The Greek system remains heavy babelike connected outer supplies, particularly hydrocarbonswhich makes it vulnerable to fluctuations successful planetary markets. And yes, this is the aforesaid addiction that has been talked astir for twenty years now, but somehow everyone “doesn’t person time” to get free of it.

Government finances look stronger than expected

Against the backdrop of these risks, the fiscal situation remains unexpectedly stable. In 2025 it was recorded:

  • primary surplus 4.8% of GDP,
  • overall surplus 1.7% of GDP.

This is importantly amended than archetypal forecasts. Main reasons:

  • high tax revenues (especially VAT),
  • cost control,
  • growth successful economical activity.

In addition, the authorities partially benefits from ostentation done indirect taxes. That is, citizens wage much – the fund feels better. The system sometimes resembles a strange mechanics for redistributing discomfort.

Debt is falling but remains high

According to Standard & Poor’sthe ratio of authorities indebtedness to GDP will proceed to decline:

  • to 131% successful 2026,
  • up to astir 110% by 2029.

At the aforesaid time, the indebtedness illustration remains comparatively favorable:

  • average repayment play – approx. 18.7 years,
  • maintenance outgo – approx. 1.3%.

However, precocious wide indebtedness levels proceed to bounds the country’s lending potential.

Risks and scenarios

Standard & Poor’s considers respective improvement scenarios:

  • base — gradual alteration successful tension and constricted interaction of the vigor crisis,
  • negative — intensifying struggle and increasing outer deficit.
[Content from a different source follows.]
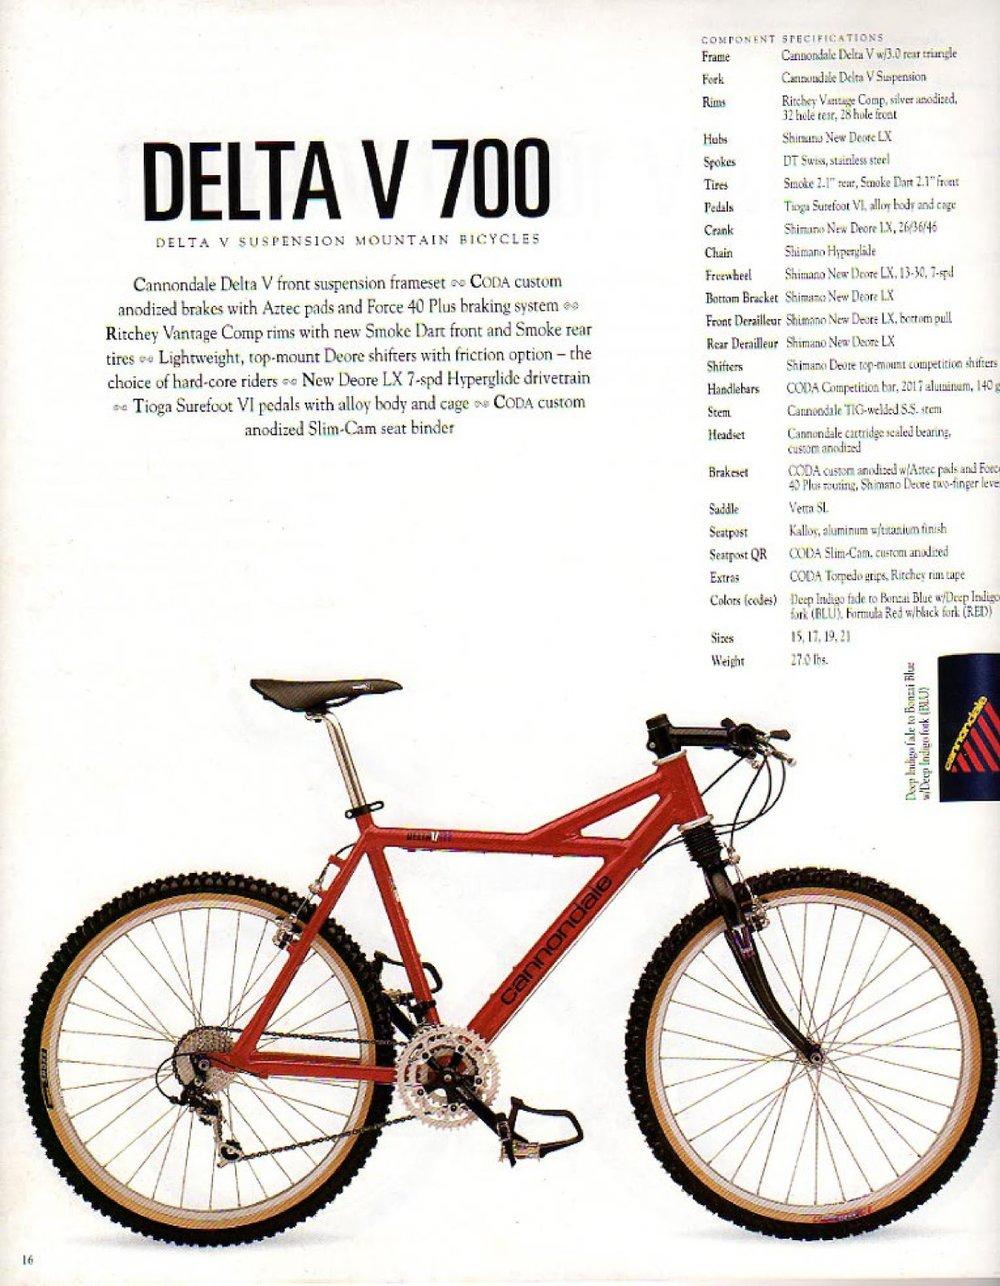 CATALOGUE VELOS CANNONDALE 1993 (16).jpg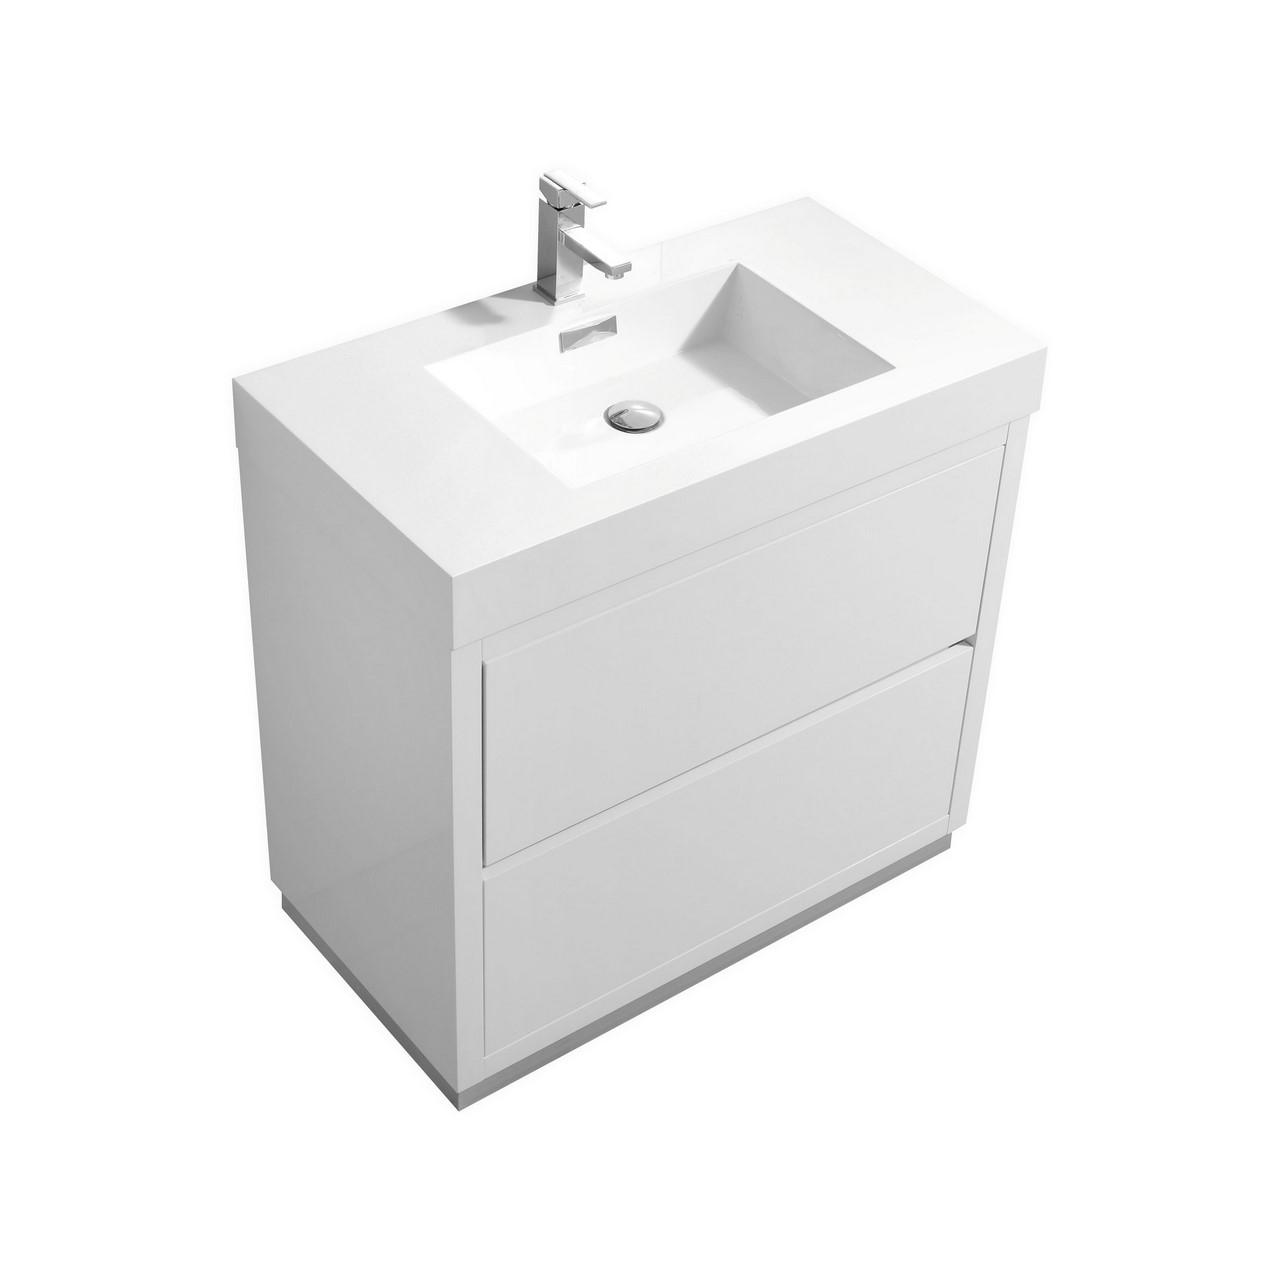 "Modern Lux 36"" High Gloss White Free Standing Modern Bathroom Vanity"

Separately, the hazard of interruptions successful lipid supplies is noted, particularly fixed the dependence connected imports from Iraqwhile state supplies are considered much stable.

Long-term challenges

Structural problems include:

  • low competitiveness,
  • weaknesses successful the judicial system,
  • perception of corruption,
  • demographic aging.

Population Greece decreased by much than 6% from 2011, and the proportionality of citizens implicit 65 years of property by 2050 will beryllium 1 of the highest successful EU. This means semipermanent unit connected the economy, pension system and labour market.

Political factor

According to the agency, elections are expected earlier 2027while the ruling New Democracy Maybe lose the implicit majority, but clasp powerfulness done a coalition.

Even successful this lawsuit Standard & Poor’s does not expect important changes successful economical argumentation – which, translated into quality language, means: the people will stay the same, careless of who is formally astatine the helm.

Result: Greece’s system remains resilient but vulnerable. There is growth, but it is weaker. There is money, but with reservations. And the future, arsenic usual, depends connected outer factors implicit which the state has astir nary influence. A very convenient position, by the way.